- **Your goal**:
The full set of records must be printed exactly as given.

- **Data in this exercise**:
──────────────────────────────

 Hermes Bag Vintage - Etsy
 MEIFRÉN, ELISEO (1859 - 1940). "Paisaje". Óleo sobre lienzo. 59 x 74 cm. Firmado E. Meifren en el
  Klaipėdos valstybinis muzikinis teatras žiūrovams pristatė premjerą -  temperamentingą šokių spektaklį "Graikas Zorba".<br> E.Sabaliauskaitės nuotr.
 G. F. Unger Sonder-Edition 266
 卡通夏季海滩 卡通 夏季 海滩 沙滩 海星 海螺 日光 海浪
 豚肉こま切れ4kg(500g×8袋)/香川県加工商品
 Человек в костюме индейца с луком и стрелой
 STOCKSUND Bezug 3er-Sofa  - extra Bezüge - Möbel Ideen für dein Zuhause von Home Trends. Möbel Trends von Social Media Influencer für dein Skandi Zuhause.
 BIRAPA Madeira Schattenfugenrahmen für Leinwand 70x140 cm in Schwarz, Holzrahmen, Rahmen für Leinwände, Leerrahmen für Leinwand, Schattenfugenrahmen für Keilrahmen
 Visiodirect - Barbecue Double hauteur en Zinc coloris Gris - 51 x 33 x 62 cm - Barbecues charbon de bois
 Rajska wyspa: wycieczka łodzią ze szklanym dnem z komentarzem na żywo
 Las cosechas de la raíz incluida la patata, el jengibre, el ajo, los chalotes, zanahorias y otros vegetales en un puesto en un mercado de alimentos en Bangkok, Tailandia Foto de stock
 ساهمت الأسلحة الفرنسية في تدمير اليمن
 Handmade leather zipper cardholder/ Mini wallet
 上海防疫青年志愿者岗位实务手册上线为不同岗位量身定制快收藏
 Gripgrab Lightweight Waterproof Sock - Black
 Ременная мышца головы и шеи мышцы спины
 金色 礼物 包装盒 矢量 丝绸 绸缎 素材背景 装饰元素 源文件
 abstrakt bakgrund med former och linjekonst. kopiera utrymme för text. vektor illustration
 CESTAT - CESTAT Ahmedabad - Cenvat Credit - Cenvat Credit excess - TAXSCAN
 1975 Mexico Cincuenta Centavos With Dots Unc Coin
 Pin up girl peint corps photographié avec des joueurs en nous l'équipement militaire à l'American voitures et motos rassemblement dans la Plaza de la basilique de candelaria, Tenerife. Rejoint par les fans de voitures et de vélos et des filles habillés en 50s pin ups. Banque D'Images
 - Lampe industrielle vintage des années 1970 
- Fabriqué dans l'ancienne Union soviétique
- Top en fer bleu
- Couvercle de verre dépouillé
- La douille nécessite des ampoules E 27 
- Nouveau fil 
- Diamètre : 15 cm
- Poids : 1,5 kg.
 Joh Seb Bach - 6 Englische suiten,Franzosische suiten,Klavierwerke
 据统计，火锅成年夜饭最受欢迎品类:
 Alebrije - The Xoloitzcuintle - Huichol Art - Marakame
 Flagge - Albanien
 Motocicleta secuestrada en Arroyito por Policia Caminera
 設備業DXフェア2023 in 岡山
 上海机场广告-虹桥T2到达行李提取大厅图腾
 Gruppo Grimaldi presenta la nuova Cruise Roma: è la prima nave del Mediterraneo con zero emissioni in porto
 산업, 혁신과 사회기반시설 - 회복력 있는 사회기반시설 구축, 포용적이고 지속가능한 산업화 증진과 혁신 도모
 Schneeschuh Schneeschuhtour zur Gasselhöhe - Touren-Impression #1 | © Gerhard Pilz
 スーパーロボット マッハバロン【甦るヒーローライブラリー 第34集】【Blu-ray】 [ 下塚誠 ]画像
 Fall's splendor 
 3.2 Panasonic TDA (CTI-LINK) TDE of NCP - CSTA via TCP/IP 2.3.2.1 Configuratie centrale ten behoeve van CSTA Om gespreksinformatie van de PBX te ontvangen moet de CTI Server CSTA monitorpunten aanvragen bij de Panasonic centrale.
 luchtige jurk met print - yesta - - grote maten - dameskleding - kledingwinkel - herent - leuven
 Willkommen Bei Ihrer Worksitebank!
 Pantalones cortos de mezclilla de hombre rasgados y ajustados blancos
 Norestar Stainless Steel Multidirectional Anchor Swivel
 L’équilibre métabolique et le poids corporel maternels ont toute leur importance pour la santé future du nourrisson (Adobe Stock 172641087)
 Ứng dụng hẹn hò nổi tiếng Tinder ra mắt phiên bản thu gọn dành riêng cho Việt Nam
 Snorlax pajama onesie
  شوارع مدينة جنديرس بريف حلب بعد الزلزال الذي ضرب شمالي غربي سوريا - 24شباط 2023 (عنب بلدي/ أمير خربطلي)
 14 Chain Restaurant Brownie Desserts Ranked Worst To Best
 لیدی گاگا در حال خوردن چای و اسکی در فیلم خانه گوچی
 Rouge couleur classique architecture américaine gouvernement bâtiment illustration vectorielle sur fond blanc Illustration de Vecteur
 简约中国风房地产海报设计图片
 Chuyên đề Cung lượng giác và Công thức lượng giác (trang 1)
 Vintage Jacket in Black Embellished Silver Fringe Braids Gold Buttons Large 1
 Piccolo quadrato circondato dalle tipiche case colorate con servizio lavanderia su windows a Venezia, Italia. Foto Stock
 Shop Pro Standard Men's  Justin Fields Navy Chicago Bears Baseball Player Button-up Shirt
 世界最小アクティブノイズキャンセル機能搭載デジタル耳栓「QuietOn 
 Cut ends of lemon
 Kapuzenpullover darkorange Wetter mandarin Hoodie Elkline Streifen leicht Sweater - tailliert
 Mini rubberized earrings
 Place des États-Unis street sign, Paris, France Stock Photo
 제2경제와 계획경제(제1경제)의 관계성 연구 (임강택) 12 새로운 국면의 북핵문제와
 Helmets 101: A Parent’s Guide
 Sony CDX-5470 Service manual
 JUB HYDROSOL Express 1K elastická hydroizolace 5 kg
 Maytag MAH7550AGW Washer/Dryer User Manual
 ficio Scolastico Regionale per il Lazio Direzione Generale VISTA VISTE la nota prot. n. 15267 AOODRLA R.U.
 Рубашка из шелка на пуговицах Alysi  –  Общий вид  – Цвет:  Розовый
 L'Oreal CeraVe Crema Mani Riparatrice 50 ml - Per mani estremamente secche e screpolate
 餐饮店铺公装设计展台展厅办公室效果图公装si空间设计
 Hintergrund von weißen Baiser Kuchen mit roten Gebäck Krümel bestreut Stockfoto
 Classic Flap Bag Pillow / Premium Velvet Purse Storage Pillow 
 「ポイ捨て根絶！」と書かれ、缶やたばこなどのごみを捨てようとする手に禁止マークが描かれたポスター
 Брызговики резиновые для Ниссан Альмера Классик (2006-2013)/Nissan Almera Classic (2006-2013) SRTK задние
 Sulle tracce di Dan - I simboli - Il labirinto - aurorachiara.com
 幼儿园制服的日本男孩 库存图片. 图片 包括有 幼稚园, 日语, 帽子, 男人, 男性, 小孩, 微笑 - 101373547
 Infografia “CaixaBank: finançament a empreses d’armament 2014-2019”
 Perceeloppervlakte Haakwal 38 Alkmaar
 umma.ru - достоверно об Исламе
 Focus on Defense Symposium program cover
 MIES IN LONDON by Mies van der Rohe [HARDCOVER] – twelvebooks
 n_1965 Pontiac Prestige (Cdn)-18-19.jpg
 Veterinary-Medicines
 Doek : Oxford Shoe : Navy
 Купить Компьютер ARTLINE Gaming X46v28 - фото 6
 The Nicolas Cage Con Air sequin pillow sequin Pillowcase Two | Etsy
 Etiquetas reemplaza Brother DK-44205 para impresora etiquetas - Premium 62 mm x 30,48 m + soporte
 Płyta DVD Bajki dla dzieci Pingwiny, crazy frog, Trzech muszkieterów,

──────────────────────────────

- **Solution for this exercise**:
 Hermes Bag Vintage - Etsy
 MEIFRÉN, ELISEO (1859 - 1940). "Paisaje". Óleo sobre lienzo. 59 x 74 cm. Firmado E. Meifren en el
  Klaipėdos valstybinis muzikinis teatras žiūrovams pristatė premjerą -  temperamentingą šokių spektaklį "Graikas Zorba".<br> E.Sabaliauskaitės nuotr.
 G. F. Unger Sonder-Edition 266
 卡通夏季海滩 卡通 夏季 海滩 沙滩 海星 海螺 日光 海浪
 豚肉こま切れ4kg(500g×8袋)/香川県加工商品
 Человек в костюме индейца с луком и стрелой
 STOCKSUND Bezug 3er-Sofa  - extra Bezüge - Möbel Ideen für dein Zuhause von Home Trends. Möbel Trends von Social Media Influencer für dein Skandi Zuhause.
 BIRAPA Madeira Schattenfugenrahmen für Leinwand 70x140 cm in Schwarz, Holzrahmen, Rahmen für Leinwände, Leerrahmen für Leinwand, Schattenfugenrahmen für Keilrahmen
 Visiodirect - Barbecue Double hauteur en Zinc coloris Gris - 51 x 33 x 62 cm - Barbecues charbon de bois
 Rajska wyspa: wycieczka łodzią ze szklanym dnem z komentarzem na żywo
 Las cosechas de la raíz incluida la patata, el jengibre, el ajo, los chalotes, zanahorias y otros vegetales en un puesto en un mercado de alimentos en Bangkok, Tailandia Foto de stock
 ساهمت الأسلحة الفرنسية في تدمير اليمن
 Handmade leather zipper cardholder/ Mini wallet
 上海防疫青年志愿者岗位实务手册上线为不同岗位量身定制快收藏
 Gripgrab Lightweight Waterproof Sock - Black
 Ременная мышца головы и шеи мышцы спины
 金色 礼物 包装盒 矢量 丝绸 绸缎 素材背景 装饰元素 源文件
 abstrakt bakgrund med former och linjekonst. kopiera utrymme för text. vektor illustration
 CESTAT - CESTAT Ahmedabad - Cenvat Credit - Cenvat Credit excess - TAXSCAN
 1975 Mexico Cincuenta Centavos With Dots Unc Coin
 Pin up girl peint corps photographié avec des joueurs en nous l'équipement militaire à l'American voitures et motos rassemblement dans la Plaza de la basilique de candelaria, Tenerife. Rejoint par les fans de voitures et de vélos et des filles habillés en 50s pin ups. Banque D'Images
 - Lampe industrielle vintage des années 1970 
- Fabriqué dans l'ancienne Union soviétique
- Top en fer bleu
- Couvercle de verre dépouillé
- La douille nécessite des ampoules E 27 
- Nouveau fil 
- Diamètre : 15 cm
- Poids : 1,5 kg.
 Joh Seb Bach - 6 Englische suiten,Franzosische suiten,Klavierwerke
 据统计，火锅成年夜饭最受欢迎品类:
 Alebrije - The Xoloitzcuintle - Huichol Art - Marakame
 Flagge - Albanien
 Motocicleta secuestrada en Arroyito por Policia Caminera
 設備業DXフェア2023 in 岡山
 上海机场广告-虹桥T2到达行李提取大厅图腾
 Gruppo Grimaldi presenta la nuova Cruise Roma: è la prima nave del Mediterraneo con zero emissioni in porto
 산업, 혁신과 사회기반시설 - 회복력 있는 사회기반시설 구축, 포용적이고 지속가능한 산업화 증진과 혁신 도모
 Schneeschuh Schneeschuhtour zur Gasselhöhe - Touren-Impression #1 | © Gerhard Pilz
 スーパーロボット マッハバロン【甦るヒーローライブラリー 第34集】【Blu-ray】 [ 下塚誠 ]画像
 Fall's splendor 
 3.2 Panasonic TDA (CTI-LINK) TDE of NCP - CSTA via TCP/IP 2.3.2.1 Configuratie centrale ten behoeve van CSTA Om gespreksinformatie van de PBX te ontvangen moet de CTI Server CSTA monitorpunten aanvragen bij de Panasonic centrale.
 luchtige jurk met print - yesta - - grote maten - dameskleding - kledingwinkel - herent - leuven
 Willkommen Bei Ihrer Worksitebank!
 Pantalones cortos de mezclilla de hombre rasgados y ajustados blancos
 Norestar Stainless Steel Multidirectional Anchor Swivel
 L’équilibre métabolique et le poids corporel maternels ont toute leur importance pour la santé future du nourrisson (Adobe Stock 172641087)
 Ứng dụng hẹn hò nổi tiếng Tinder ra mắt phiên bản thu gọn dành riêng cho Việt Nam
 Snorlax pajama onesie
  شوارع مدينة جنديرس بريف حلب بعد الزلزال الذي ضرب شمالي غربي سوريا - 24شباط 2023 (عنب بلدي/ أمير خربطلي)
 14 Chain Restaurant Brownie Desserts Ranked Worst To Best
 لیدی گاگا در حال خوردن چای و اسکی در فیلم خانه گوچی
 Rouge couleur classique architecture américaine gouvernement bâtiment illustration vectorielle sur fond blanc Illustration de Vecteur
 简约中国风房地产海报设计图片
 Chuyên đề Cung lượng giác và Công thức lượng giác (trang 1)
 Vintage Jacket in Black Embellished Silver Fringe Braids Gold Buttons Large 1
 Piccolo quadrato circondato dalle tipiche case colorate con servizio lavanderia su windows a Venezia, Italia. Foto Stock
 Shop Pro Standard Men's  Justin Fields Navy Chicago Bears Baseball Player Button-up Shirt
 世界最小アクティブノイズキャンセル機能搭載デジタル耳栓「QuietOn 
 Cut ends of lemon
 Kapuzenpullover darkorange Wetter mandarin Hoodie Elkline Streifen leicht Sweater - tailliert
 Mini rubberized earrings
 Place des États-Unis street sign, Paris, France Stock Photo
 제2경제와 계획경제(제1경제)의 관계성 연구 (임강택) 12 새로운 국면의 북핵문제와
 Helmets 101: A Parent’s Guide
 Sony CDX-5470 Service manual
 JUB HYDROSOL Express 1K elastická hydroizolace 5 kg
 Maytag MAH7550AGW Washer/Dryer User Manual
 ficio Scolastico Regionale per il Lazio Direzione Generale VISTA VISTE la nota prot. n. 15267 AOODRLA R.U.
 Рубашка из шелка на пуговицах Alysi  –  Общий вид  – Цвет:  Розовый
 L'Oreal CeraVe Crema Mani Riparatrice 50 ml - Per mani estremamente secche e screpolate
 餐饮店铺公装设计展台展厅办公室效果图公装si空间设计
 Hintergrund von weißen Baiser Kuchen mit roten Gebäck Krümel bestreut Stockfoto
 Classic Flap Bag Pillow / Premium Velvet Purse Storage Pillow 
 「ポイ捨て根絶！」と書かれ、缶やたばこなどのごみを捨てようとする手に禁止マークが描かれたポスター
 Брызговики резиновые для Ниссан Альмера Классик (2006-2013)/Nissan Almera Classic (2006-2013) SRTK задние
 Sulle tracce di Dan - I simboli - Il labirinto - aurorachiara.com
 幼儿园制服的日本男孩 库存图片. 图片 包括有 幼稚园, 日语, 帽子, 男人, 男性, 小孩, 微笑 - 101373547
 Infografia “CaixaBank: finançament a empreses d’armament 2014-2019”
 Perceeloppervlakte Haakwal 38 Alkmaar
 umma.ru - достоверно об Исламе
 Focus on Defense Symposium program cover
 MIES IN LONDON by Mies van der Rohe [HARDCOVER] – twelvebooks
 n_1965 Pontiac Prestige (Cdn)-18-19.jpg
 Veterinary-Medicines
 Doek : Oxford Shoe : Navy
 Купить Компьютер ARTLINE Gaming X46v28 - фото 6
 The Nicolas Cage Con Air sequin pillow sequin Pillowcase Two | Etsy
 Etiquetas reemplaza Brother DK-44205 para impresora etiquetas - Premium 62 mm x 30,48 m + soporte
 Płyta DVD Bajki dla dzieci Pingwiny, crazy frog, Trzech muszkieterów,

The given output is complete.